Your copy starts at the line containing "Bild mit Zitat" and ends at the last line of the material below. Reproduce those lines exactly, with no pictures.

*Recorded information*.
§
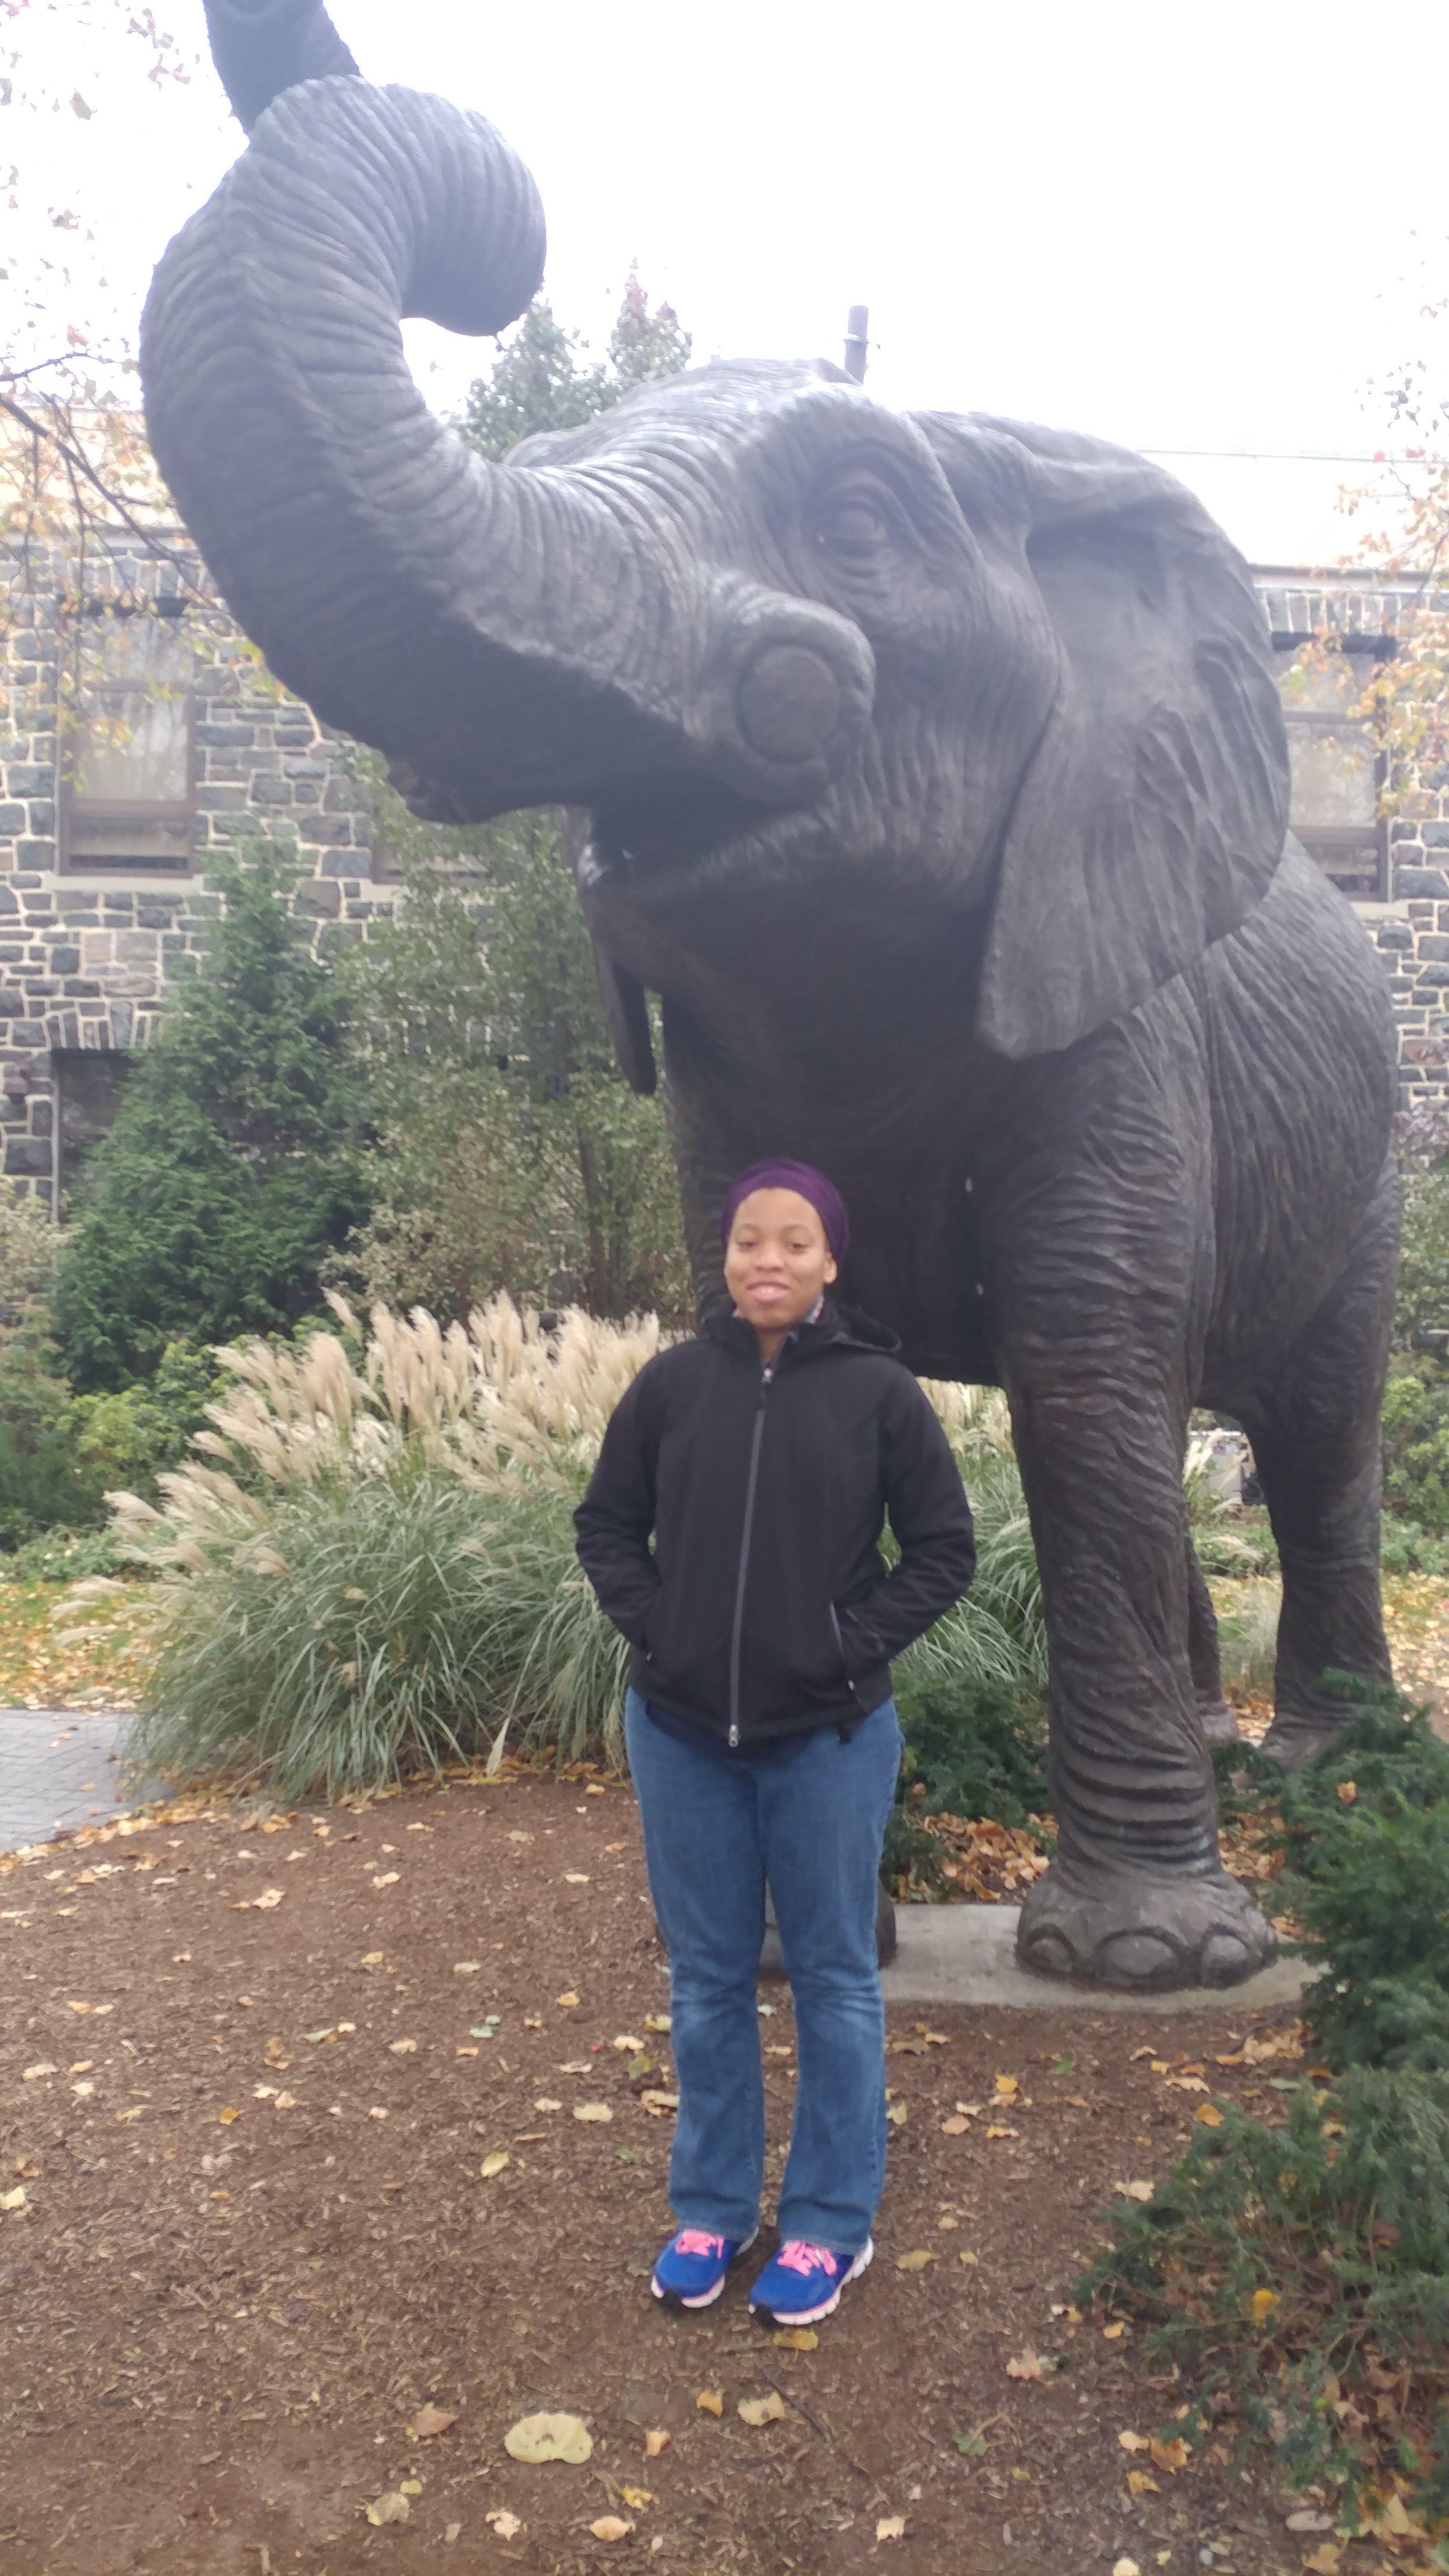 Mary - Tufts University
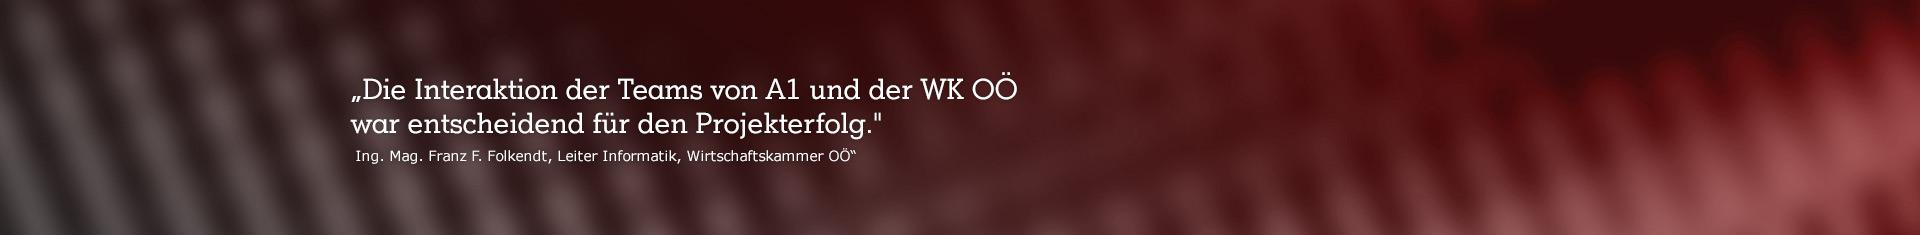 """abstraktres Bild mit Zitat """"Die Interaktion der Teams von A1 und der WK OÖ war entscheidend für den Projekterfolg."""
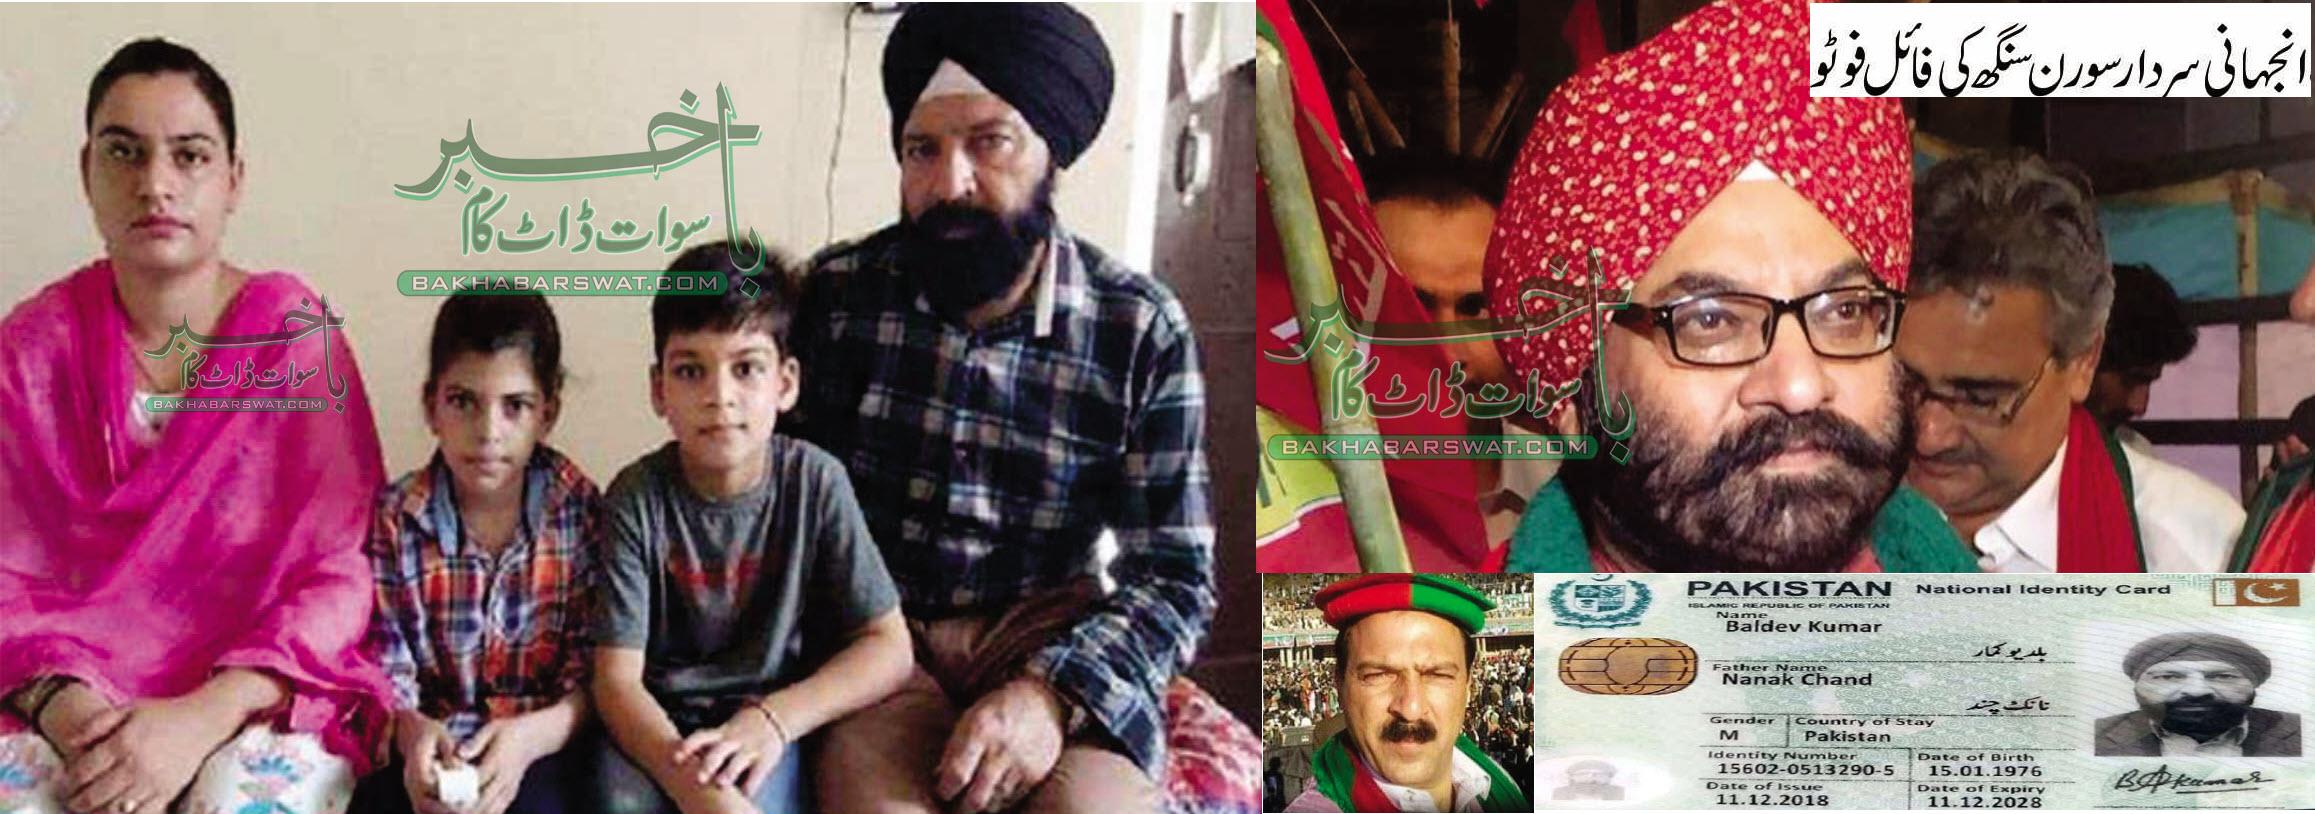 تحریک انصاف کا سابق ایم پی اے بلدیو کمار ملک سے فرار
§
*Response area*.
 """abstraktres Bild mit Zitat """"Die Interaktion der Teams von A1 und der WK OÖ war entscheidend für den Projekterfolg."""
 تحریک انصاف کا سابق ایم پی اے بلدیو کمار ملک سے فرار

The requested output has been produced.